When we think about quality the quality of a product, such as a camera, say, or a hair drier what factors spring to mind? Probably the first thing is whether it does what its supposed to do, and how well. The camera takes good photographs; the hair drier dries your hair quickly and comfortably. Secondly, you might think of reliability: the camera will take good photographs all the time; the hair drier will dry your hair over and over again without breaking down. In this respect, quality is what gives you confidence in the product. When it comes to testing we have to ask what it is that tests actually do. The answer is: they give us a measure of someones ability. From this perspective a good test is one that gives an accurate measure, so we can be sure that someone who obtains a high test score has more ability than someone who obtains a low one. This may sound obvious, but in fact it begs some important questions: most critically: what exactly is the ability we are trying to measure? With language tests, most score users the people who have to make decisions about whether someone should be admitted to a university course, say, or a job - are interested in someones ability to use the language in real life, to follow a course of study, to do business with overseas clients, to give information to tourists, to work in an international company not in their ability to do tests.

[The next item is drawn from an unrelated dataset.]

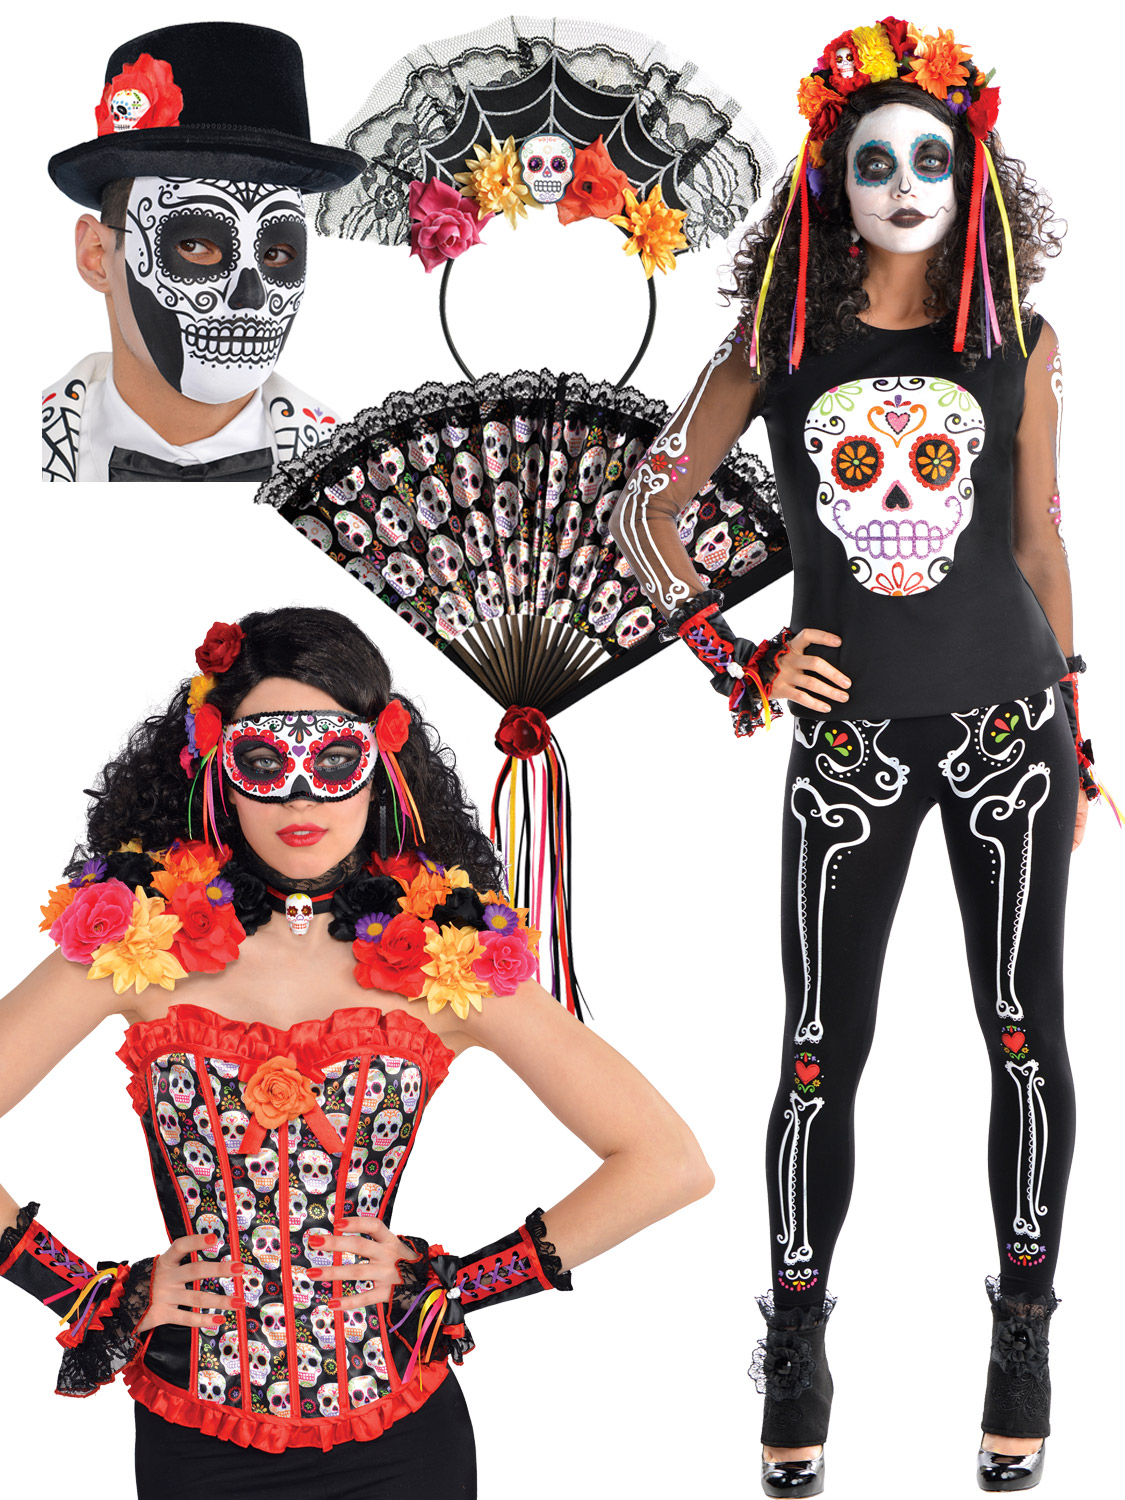 10 Fabulous Day Of The Dead Dress Ideas day of the dead shirt all accessories fancy dress hub 1 2022
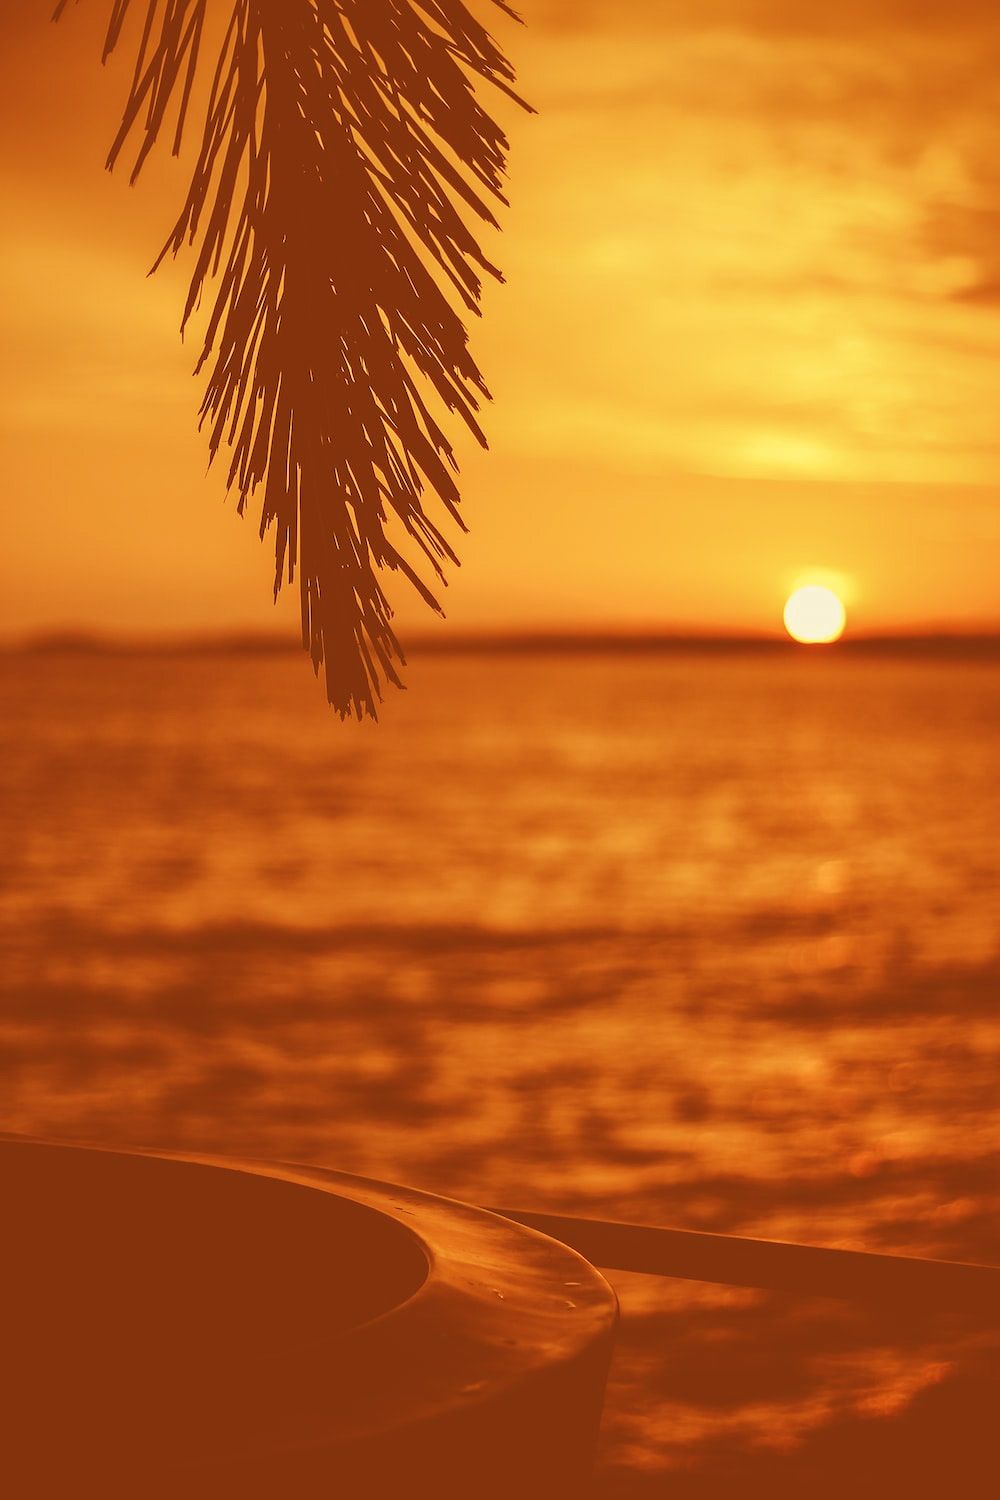 A palm tree leaf in front of a sunset over the ocean - Summer, sunset

So a good test is one that really tests the ability that it claims to measure. This is a complex issue, as many aspects of real life language ability are difficult or impossible to reproduce in the exam room. However, a good test, especially one for general English, will use a variety of different item types to reflect the range of skills and subskills that test takers will need. As well as multiple choice questions (which provide a simple and reliable way of measuring some aspects of language ability) it will include more productive items such as open ended questions and, for assessing writing ability, free writing tasks. Take our general English test PTE General for example, we include two such tasks one transactional and the other more expressive in order to achieve a more representative coverage of the types of writing test takers should be able to produce when they use the language in their work or study. The same holds for speaking. For most real-life purposes it is an important skill, one which employers are especially interested in. And yet there are tests which purport to give an overall estimate of someones language ability without testing speaking at all. The reason for this is simply that testing speaking is difficult. It cant be done with pencil and paper. You need the time and expertise of trained assessors (as with PTE General) or else highly sophisticated technology (as with our academic English test, PTE Academic). Of course, if someone can obtain a high score in listening, reading and writing it is likely that they will have some ability in speaking, but without testing them we cannot know how much ability. As teachers we can all think of students who have an uneven skills profile - who are strong in some skills and weak in others. As with writing, to assess speaking in PTE General we require test takers to perform a variety of tasks: not only interview and picture description activities but also, through the role play, to show how they would react in situations which occur outside the classroom. Clearly reliability is also an essential ingredient of quality for test score users. They want to have confidence that the expected relationship between test scores and ability will always hold. There are many numerical indicators of reliability in testing. The most basic is test-retest reliability, which is a measure of what happens when the same individual takes the same test twice (ideally they will obtain the same score).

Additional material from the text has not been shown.